# R-Cube Ohm Meter by The Friday Morning



## kimbo (8/5/15)

http://theartofvapes.com/products/r-cube-ohm-meter-by-the-friday-morning

When it comes to accuracy nothing has been made more accurate for ohms reading until now. 

*Product features:*


510 connection
3D printed
accurately reads between 0.01-9.99
uses 14500 li-on battery
includes 900mah 3.7v 14500 battery


----------



## SamuraiTheVapor (8/5/15)

$60 pretty pricey..


----------



## kimbo (8/5/15)

Yea but it is the first ohm tester i see that can fire your coil as well


----------



## VandaL (8/5/15)

kimbo said:


> Yea but it is the first ohm tester i see that can fire your coil as well


You can pickup a regualted mod cheaper and just as accurate  Just not a SMOK one.

Reactions: Agree 2 | Funny 2


----------



## johan (8/5/15)

A true milliohm meter like the Gossen or Keithley brands, are way over a 1000 US $ a piece, so $60 is very kind - pity they don't specify the tolerance.


----------



## ET (8/5/15)

http://www.thefridaymorning.com/meter/

First check out their other products

Reactions: Like 1


----------



## HealthCabin (11/5/15)

Nice product but a little expensive...


----------



## zadiac (11/5/15)

I'd pay that if it's really that accurate.
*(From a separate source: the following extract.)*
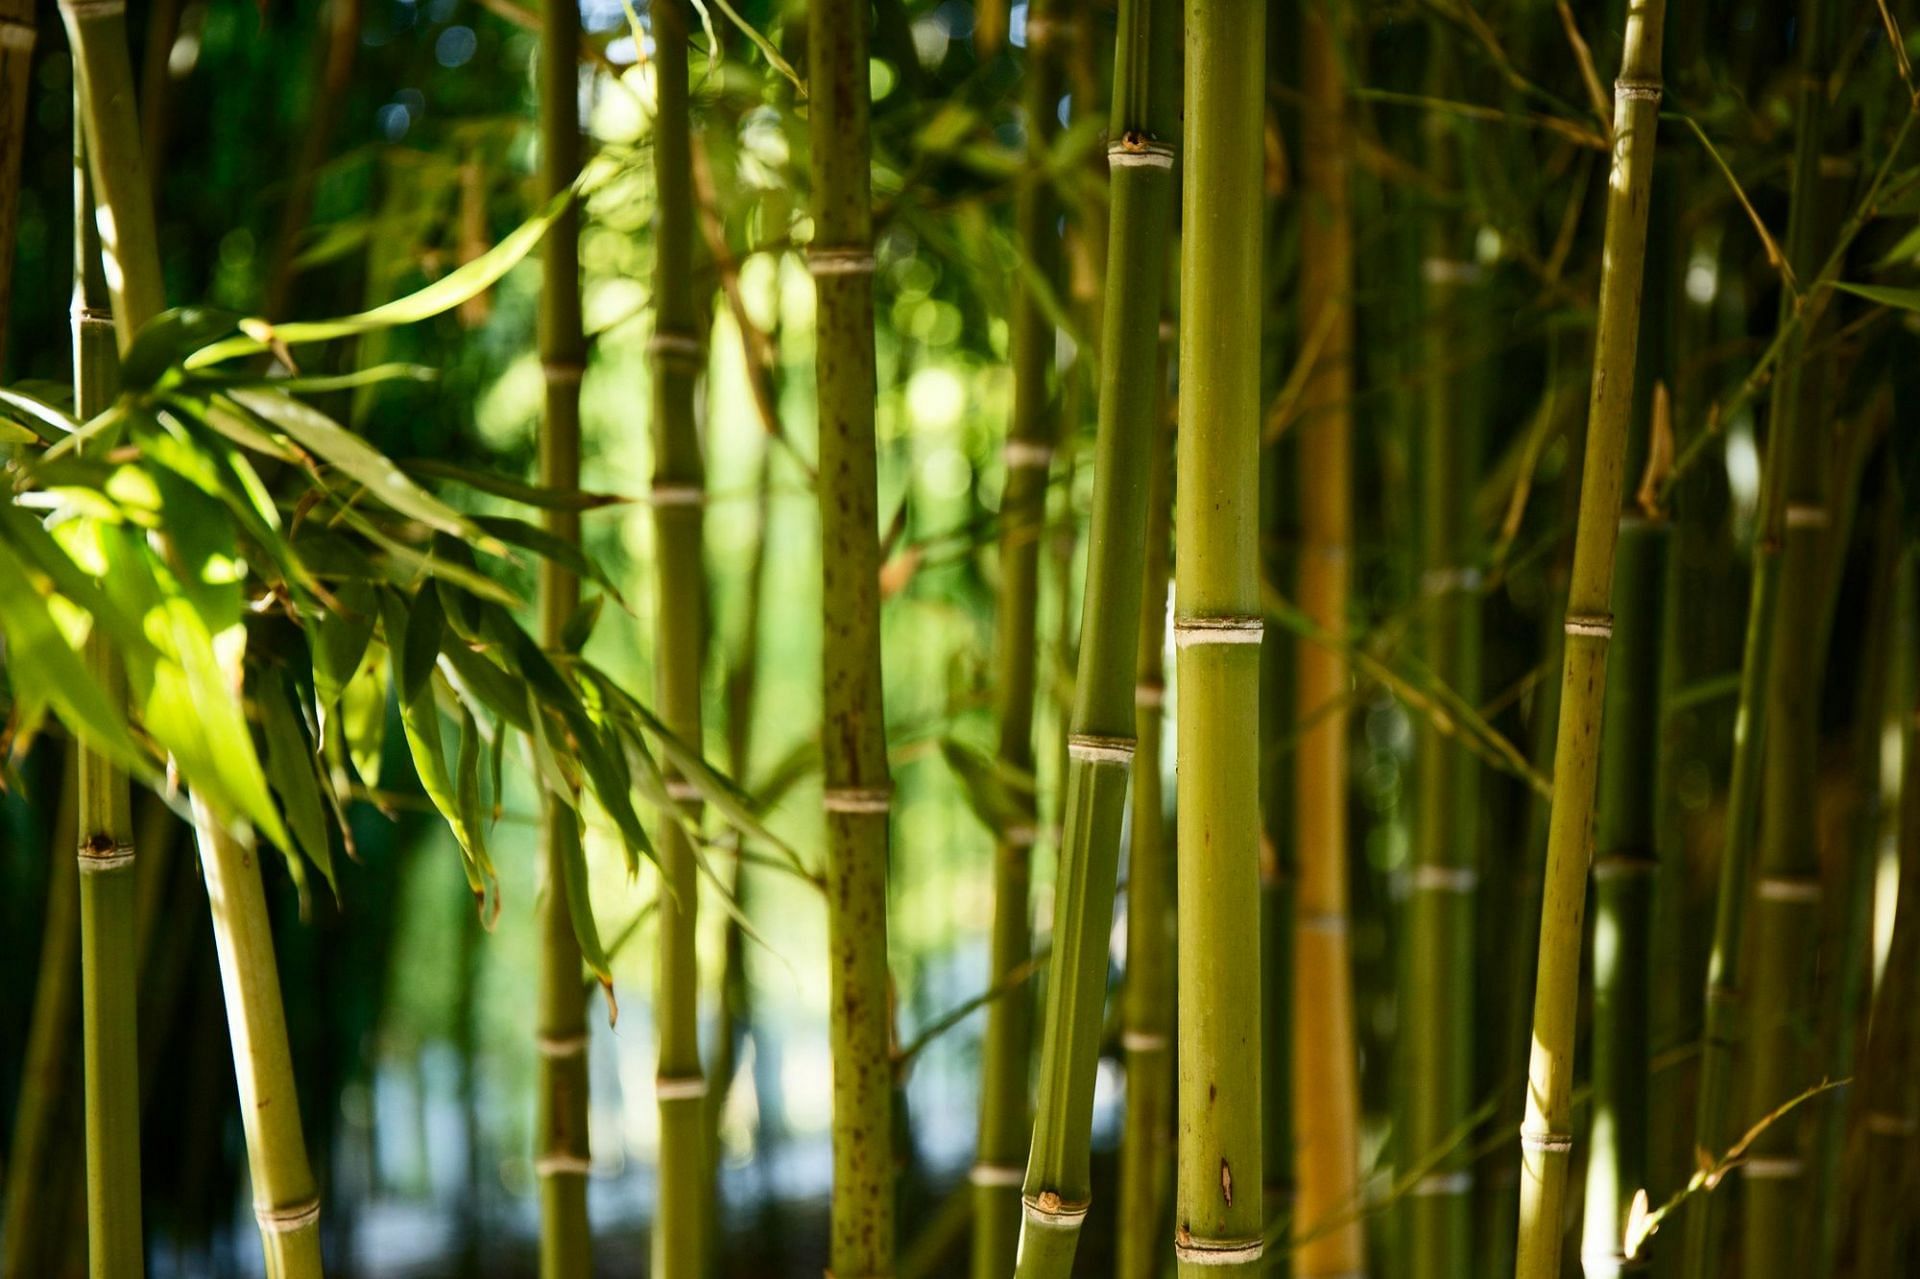 Bamboo shoots raw (Image by Freepik on Freepik)

I'm not sure about these eleaf testers. I've heard that they're not really accurate. rumor though.

Edit: Just spoke to a friend of mine who is a genius with electronics. He'll show me how to build an ohm meter that you can use to fire your atty as well and I think I can build this much cheaper, seeing as I'll be 3D printing very soon. Maybe I'll even make this available for purchase

Reactions: Like 2


----------